We can take Parfit’s line of thought further by constructing thought experiments involving post-human technology. Take, for instance, Ray Kurzweil’s insistence that people a hundred years from now will think it pretty amazing that people actually went through the day without backing up their mind file. If you do die, then luckily your backed-up mind can be uploaded to a new body! But think about this: once you are uploaded to a new body, your last memory will be uploading your mind the morning before you died. You will have no recollection of your own death. If that’s the case, then are you the same person as the person who died? Or are you just the same person as the one who uploaded her mind-file that morning? Are those two – the one who uploaded her mind and the one who died several hours later – even the same people?
What about identity in a virtual environment? Your mind in a fantasy world might retain some memories of your physical life, but your body (including gender) could be completely different. In other words, your embodied experience in a virtual world could be nothing like the embodied experience of your physical self, and surely embodiment has some important role to play in personal identity?
What about having multiple selves uploaded to multiple locations? One self could be uploaded to a biological body that’s having dinner with your spouse while another self is journeying through a virtual Narnia, and yet another self is relaxing on a virtual beach on another planet. Does continuity of personal identity mean anything at all once this becomes technologically feasible?

What these examples bring home is that personal identity is problematic no matter how you look at it.

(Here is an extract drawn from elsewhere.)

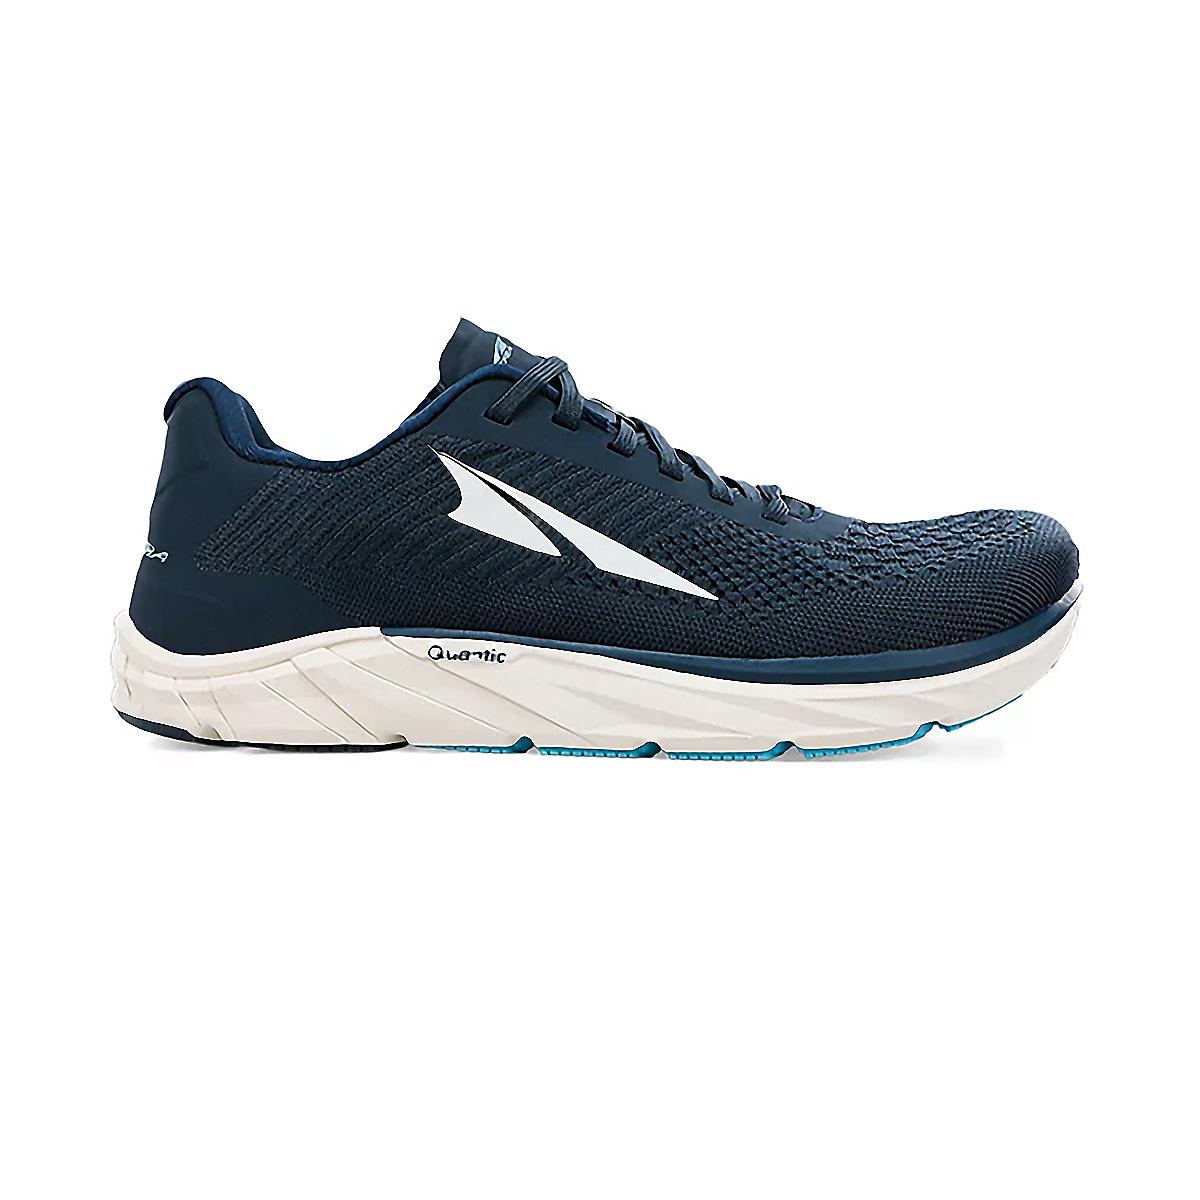 Men's Altra Torin 4.5 Plush Running Shoe - Color: Majolica Blue - Size: 7 - Width: Regular, Majolica Blue, large, image 1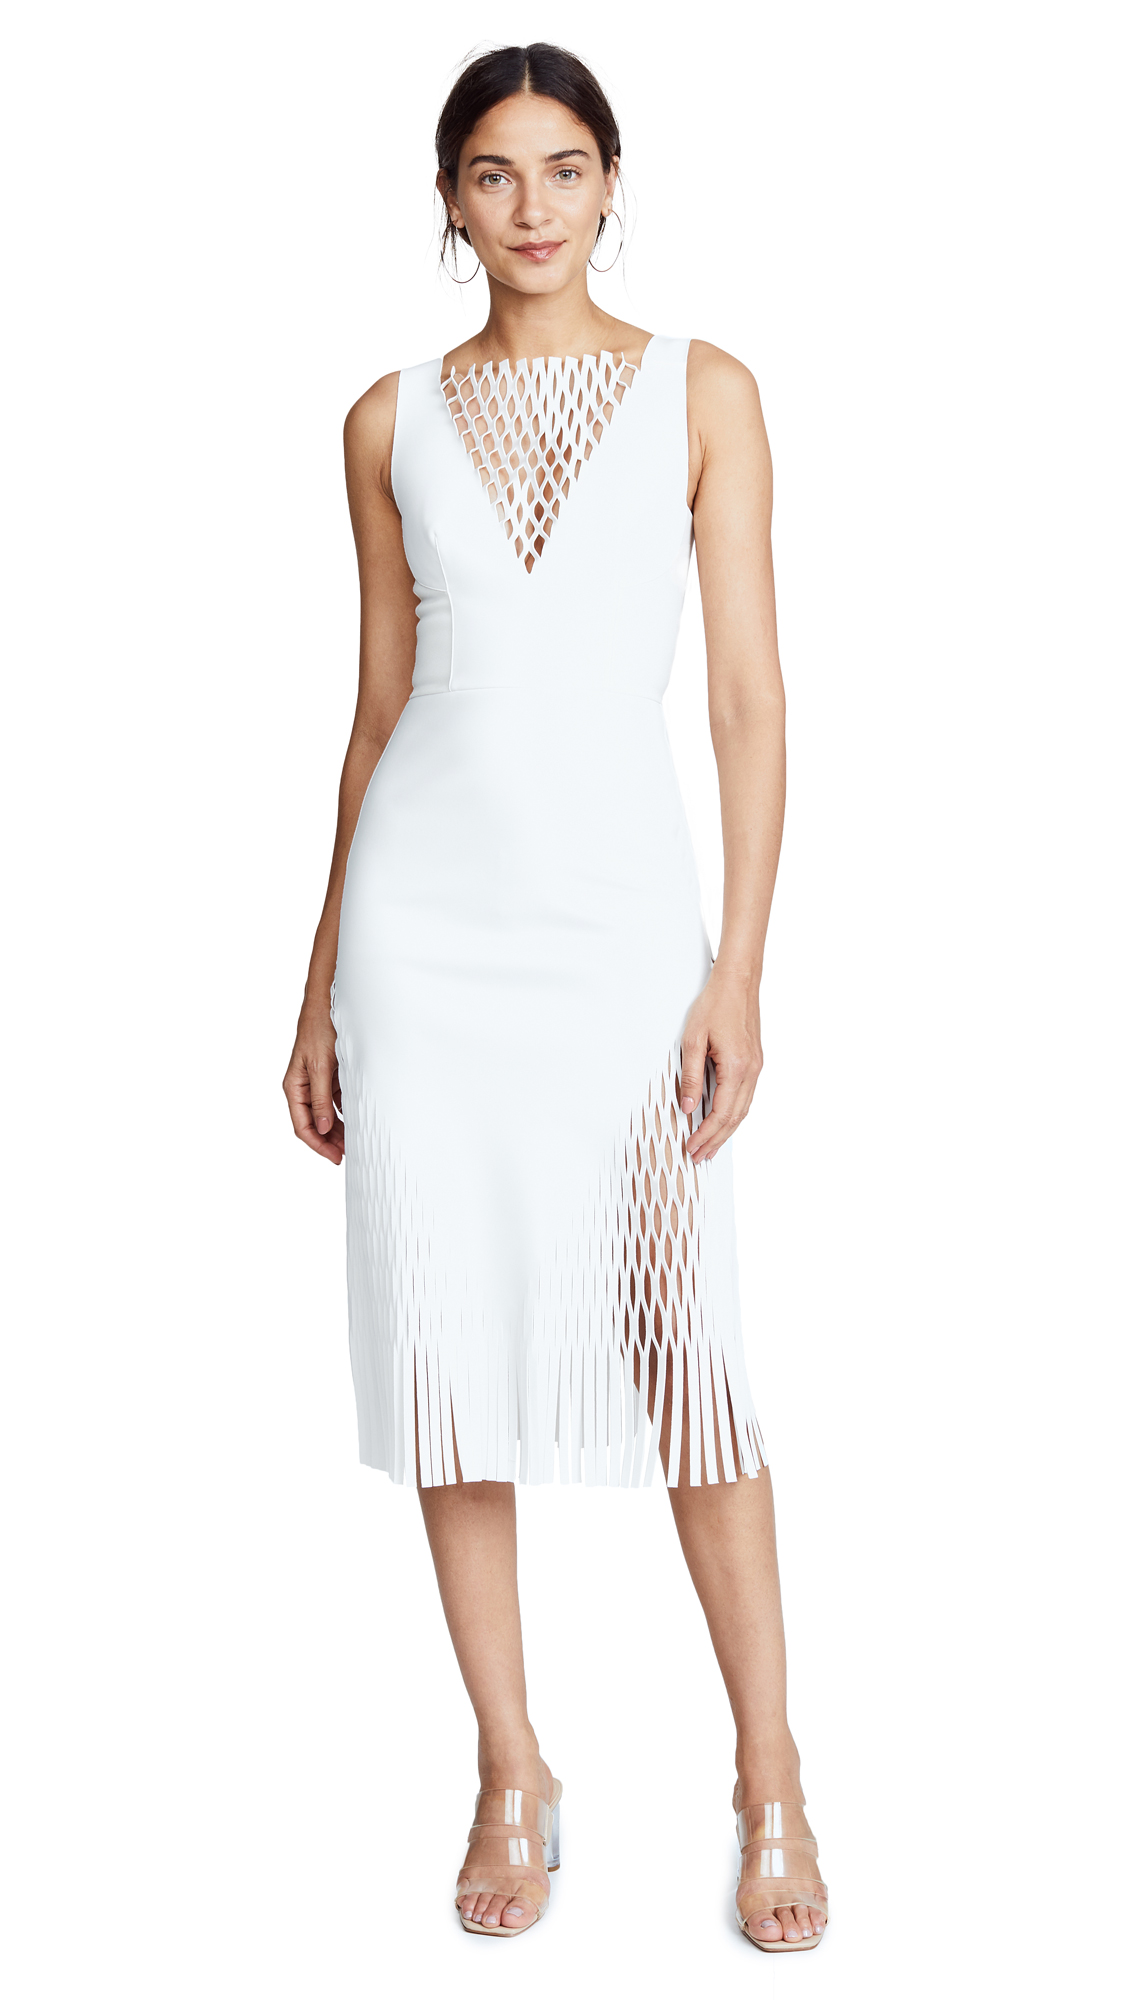 Dion Lee Mirror Dress In Ivory

So instead of trying to find a theory of personal identity that is immune to all these criticisms, we should maybe abandon the notion that there is such a thing as a permanent self at all. The thoughts, emotions, and beliefs that you think of as constituting the self are of course real – at least they’re as real as anything psychological can be real. But, as the Buddha insisted, the “self” that these component parts comprise is not itself real.
That’s more or less the conclusion that Derek Parfit comes to when contemplating the problem of personal identity. But psychological continuity still matters to Parfit, despite his belief that it has nothing to do with personal identity. He insists that if we had to choose between being destroyed by a teletransporter in one place and being reconstructed elsewhere, with all the same memories, psychological traits, and dispositions as before, or not being destroyed at all but having our psychological continuity erased, we’d prefer the former. Psychological continuity matters to us regardless of our beliefs about personal identity.
I agree with Parfit. And if mind uploading becomes technologically feasible in my lifetime, then perhaps it’s good that I’ve begun to think about this. One day it might be possible to live in a virtual environment or upload my mind to an engineered body long after my original biological body has stopped working. I, at least, would like to preserve my psychological continuity even though there is no “self” to be preserved.
And if the futurists are right, then the time when I’ll be able to make that choice might be only a few decades away.